• _What is needed_: Only text belongs in your copy of the listing below; reproduce it exactly and leave out the pictures.

• _Material provided_:
□ □ □ □ □
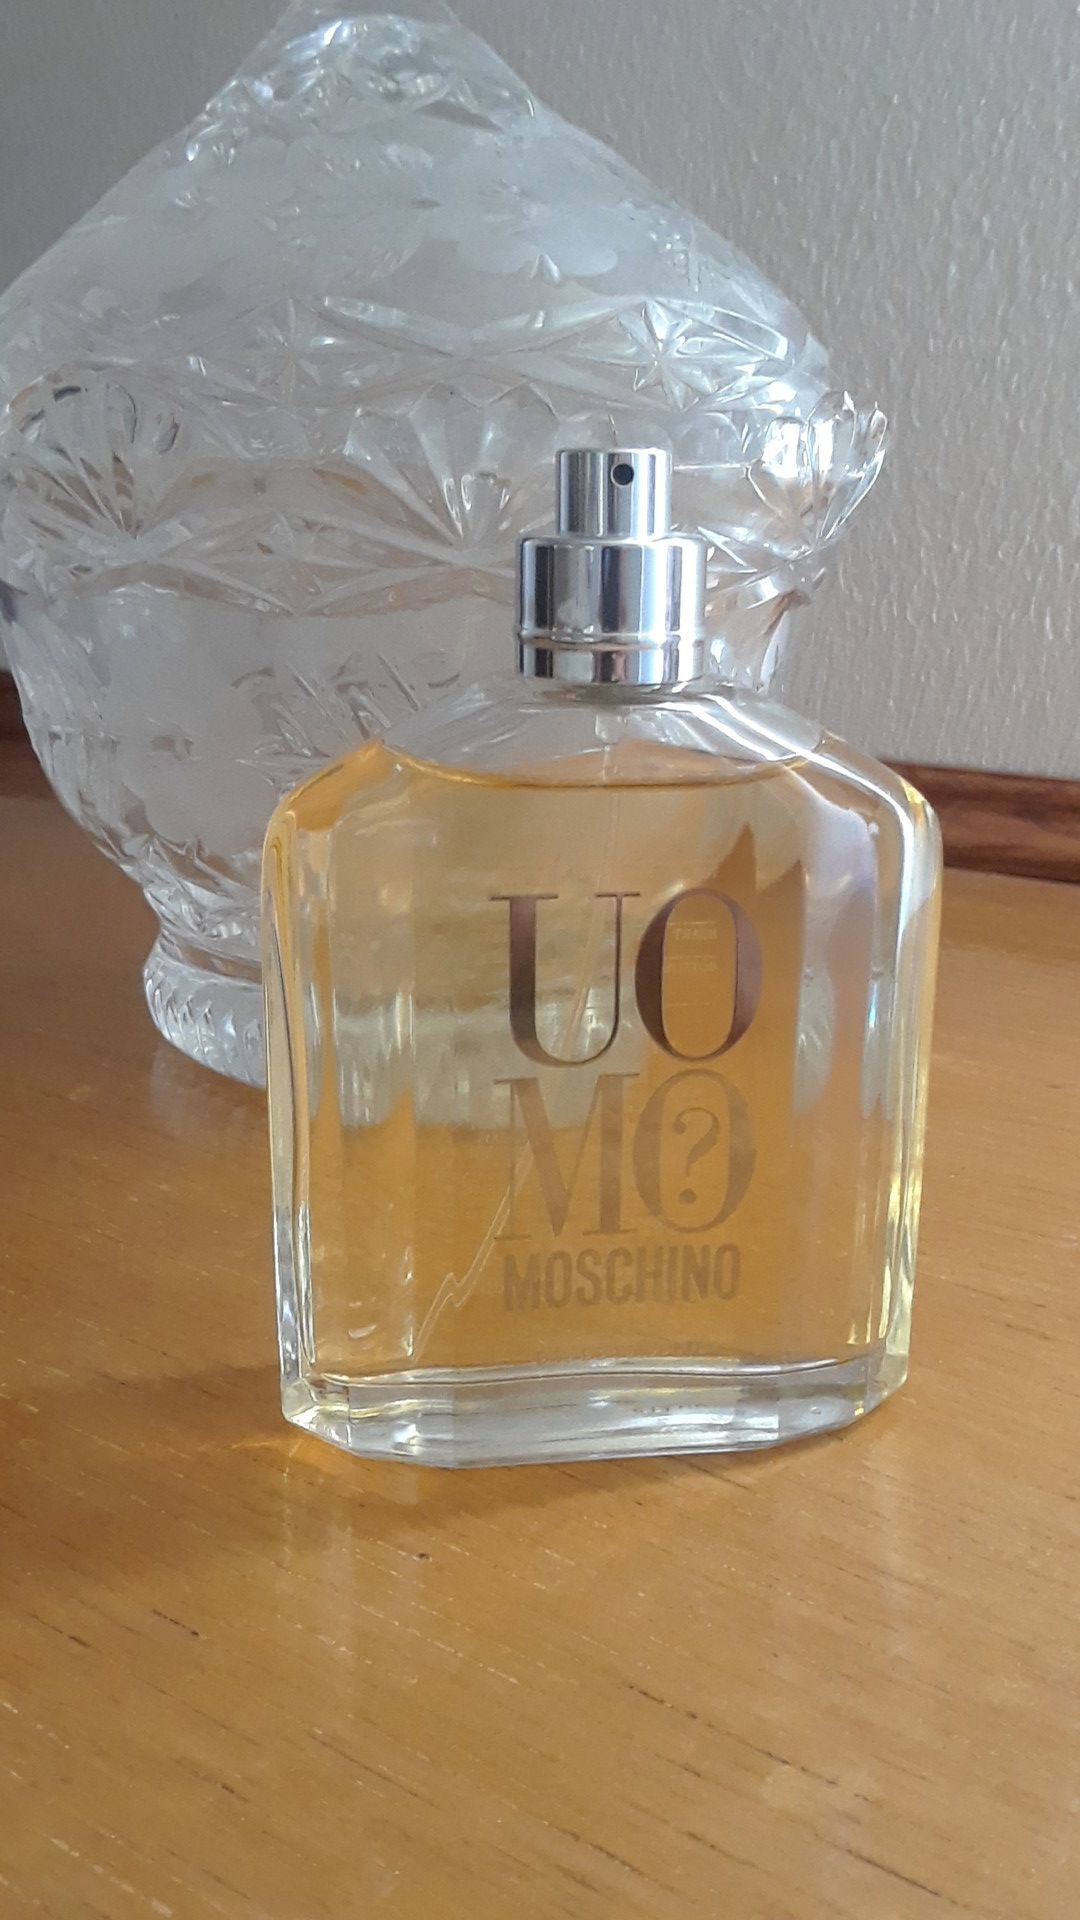 Moschino Uomo Cologne / Fragrance
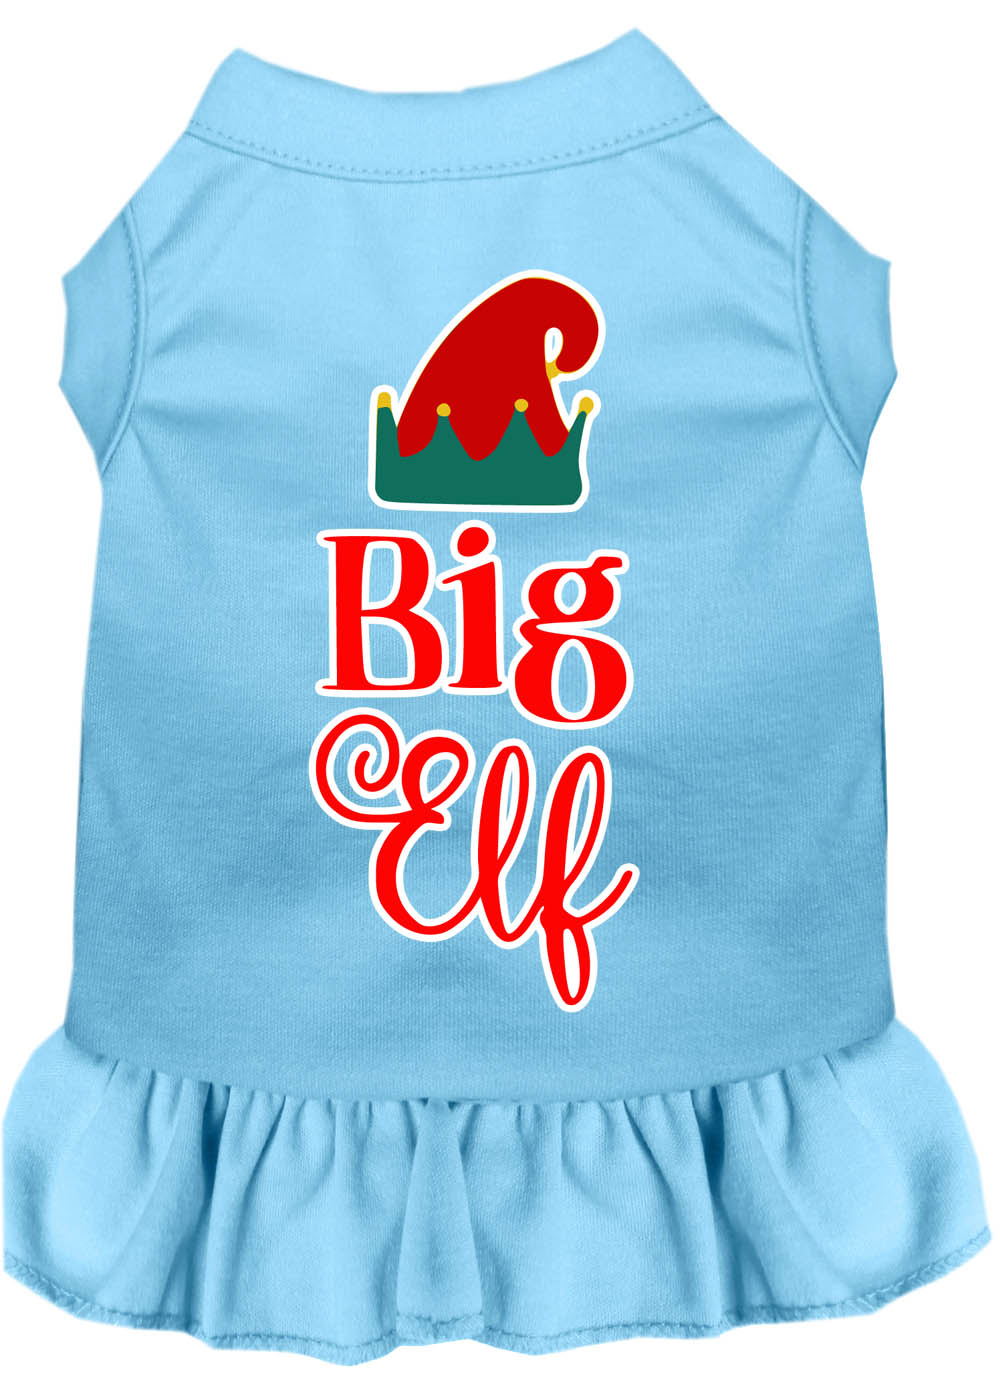 Big Elf Screen Print Dog Dress Baby Blue 4X
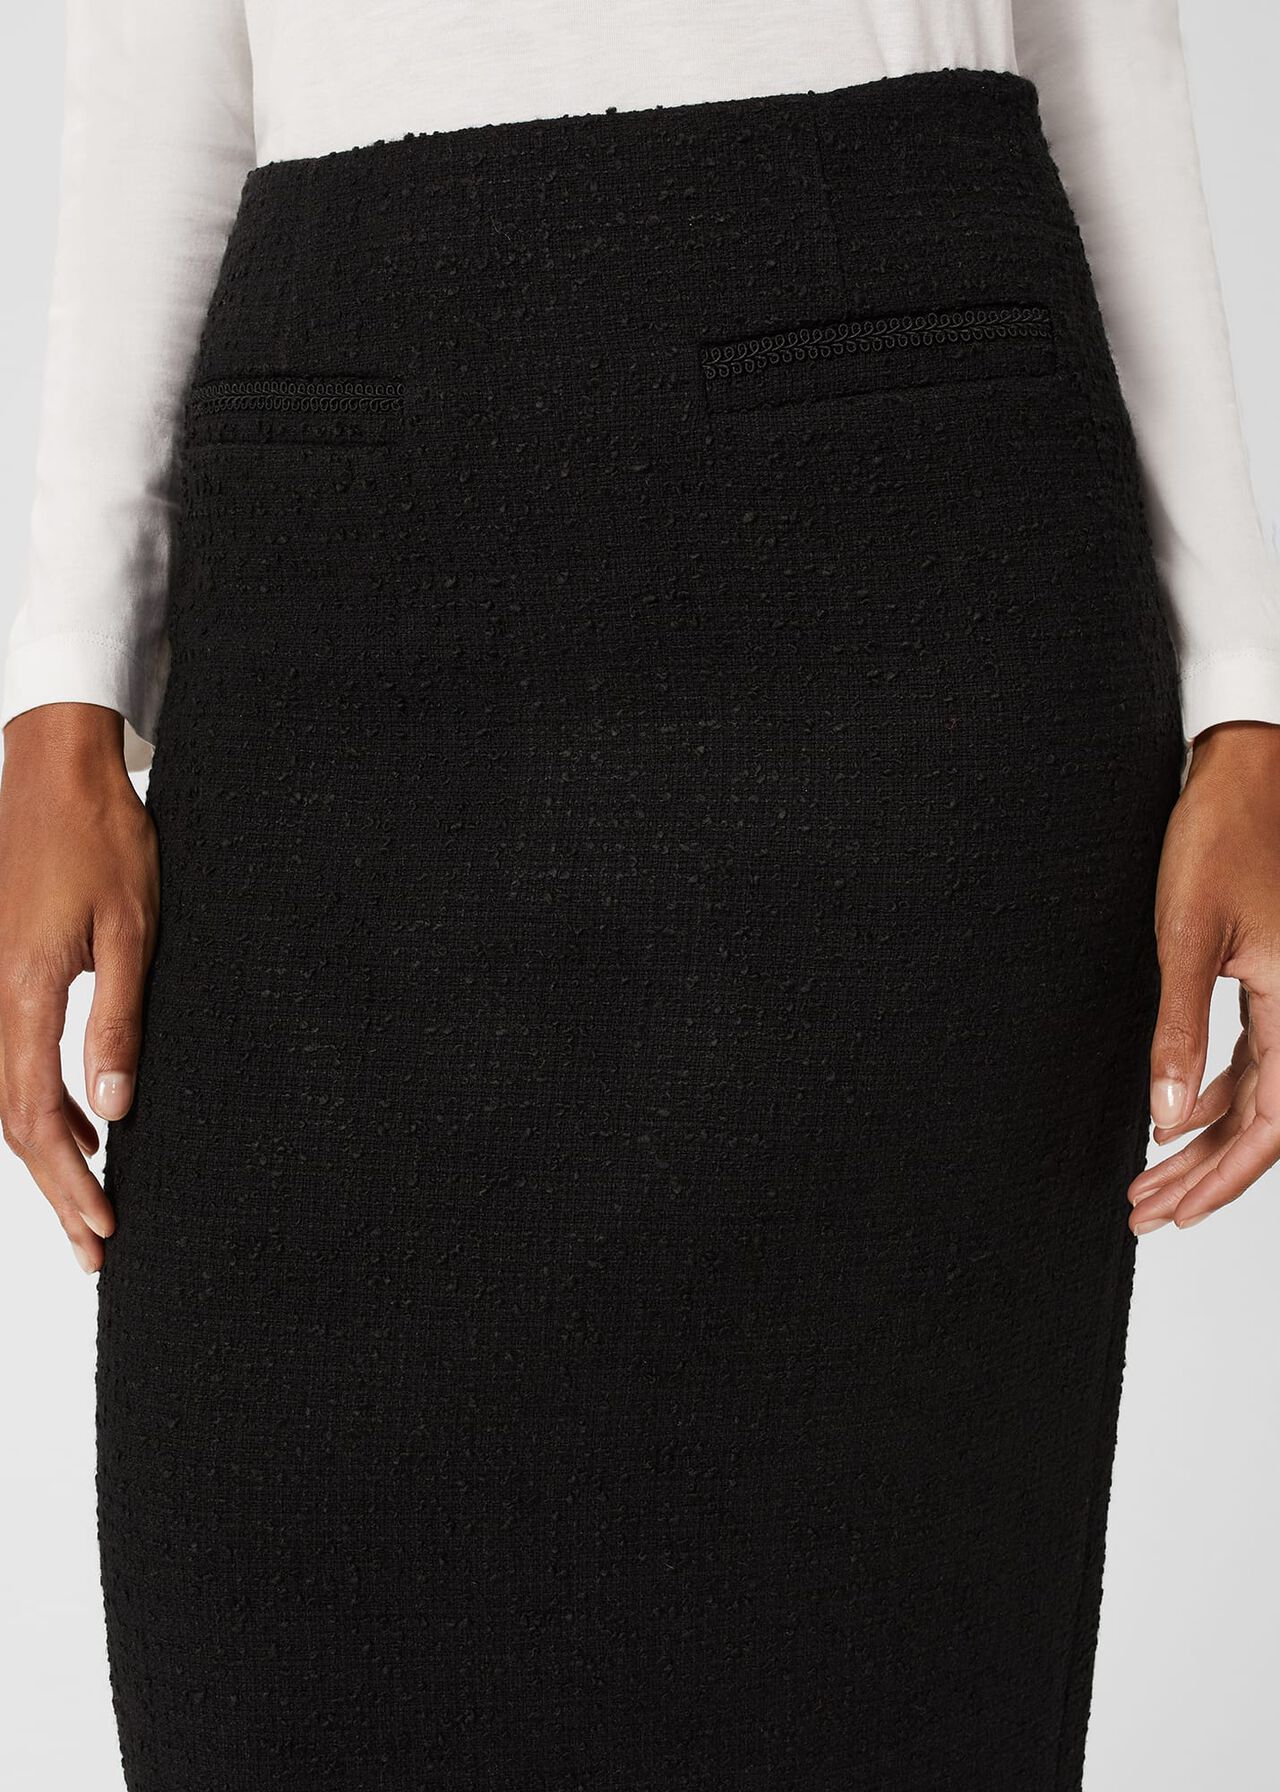 Gabi Tweed Skirt, Black, hi-res
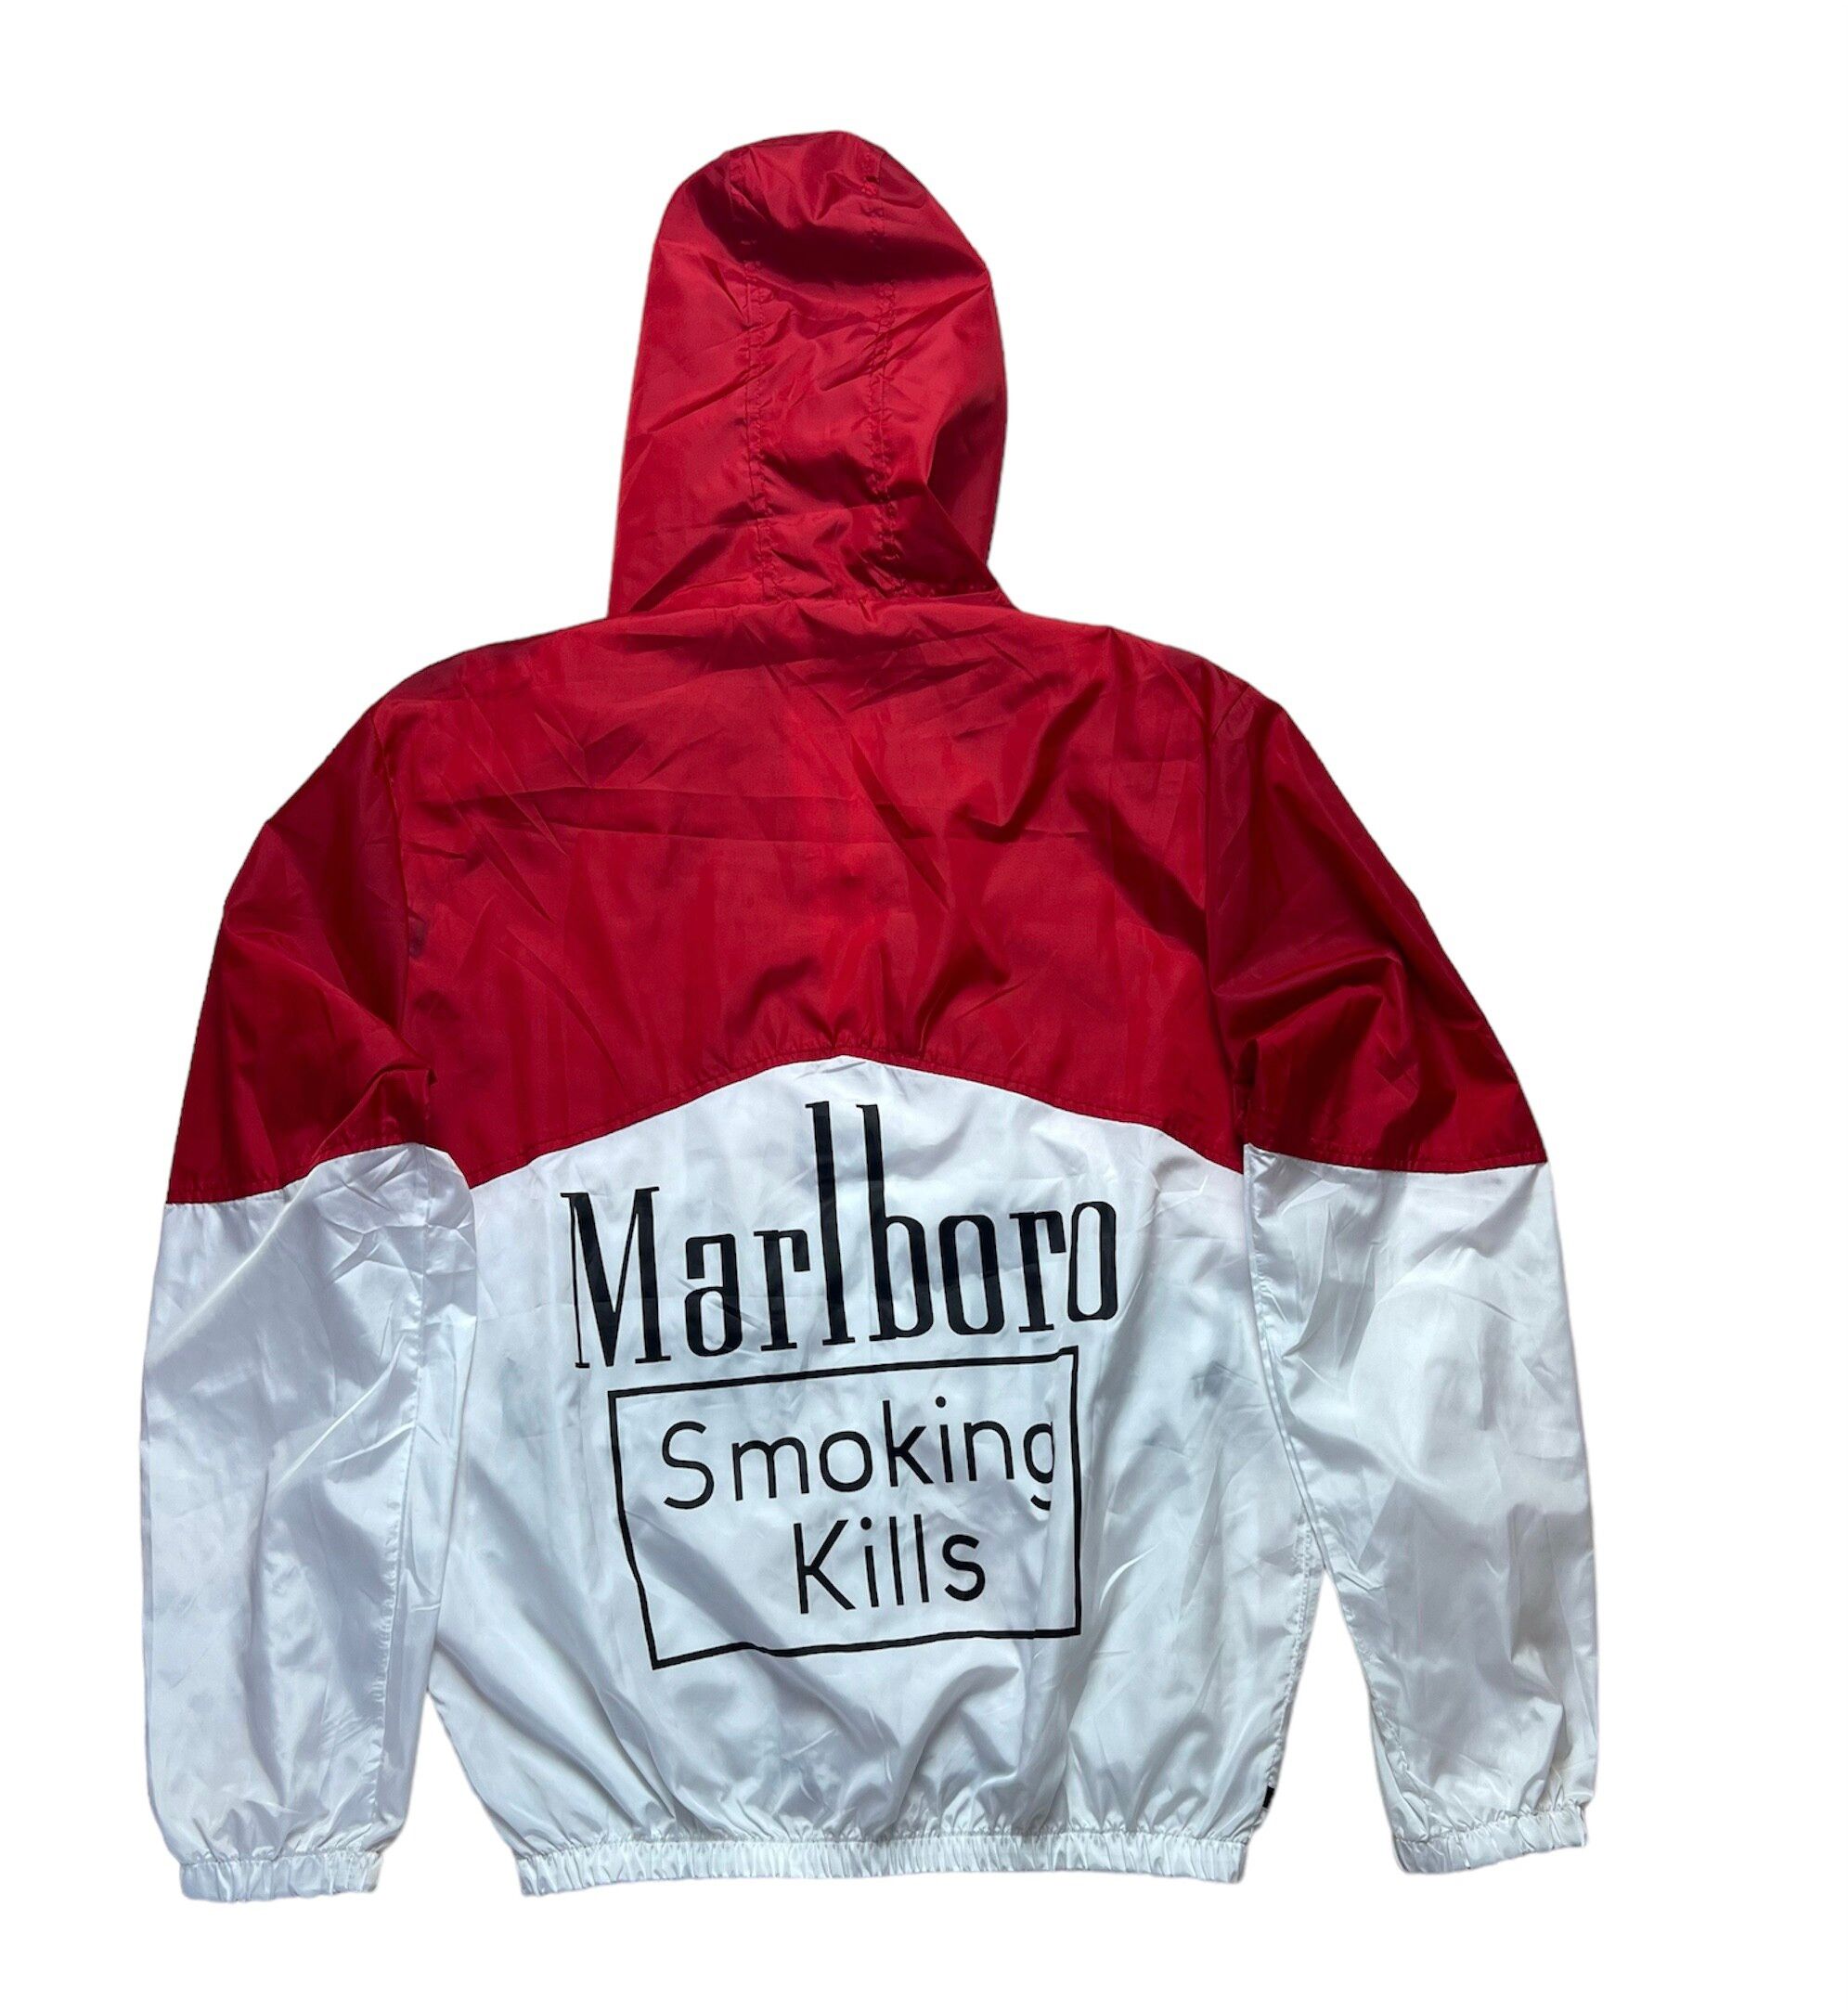 Marlboro Marlboro Smoking Kills Jacket Light 💥🔥 Size US S / EU 44-46 / 1 - 2 Preview
□ □ □ □ □
• _Task answer_:
 Moschino Uomo Cologne / Fragrance
 Big Elf Screen Print Dog Dress Baby Blue 4X
 Gabi Tweed Skirt, Black, hi-res
 Marlboro Marlboro Smoking Kills Jacket Light 💥🔥 Size US S / EU 44-46 / 1 - 2 Preview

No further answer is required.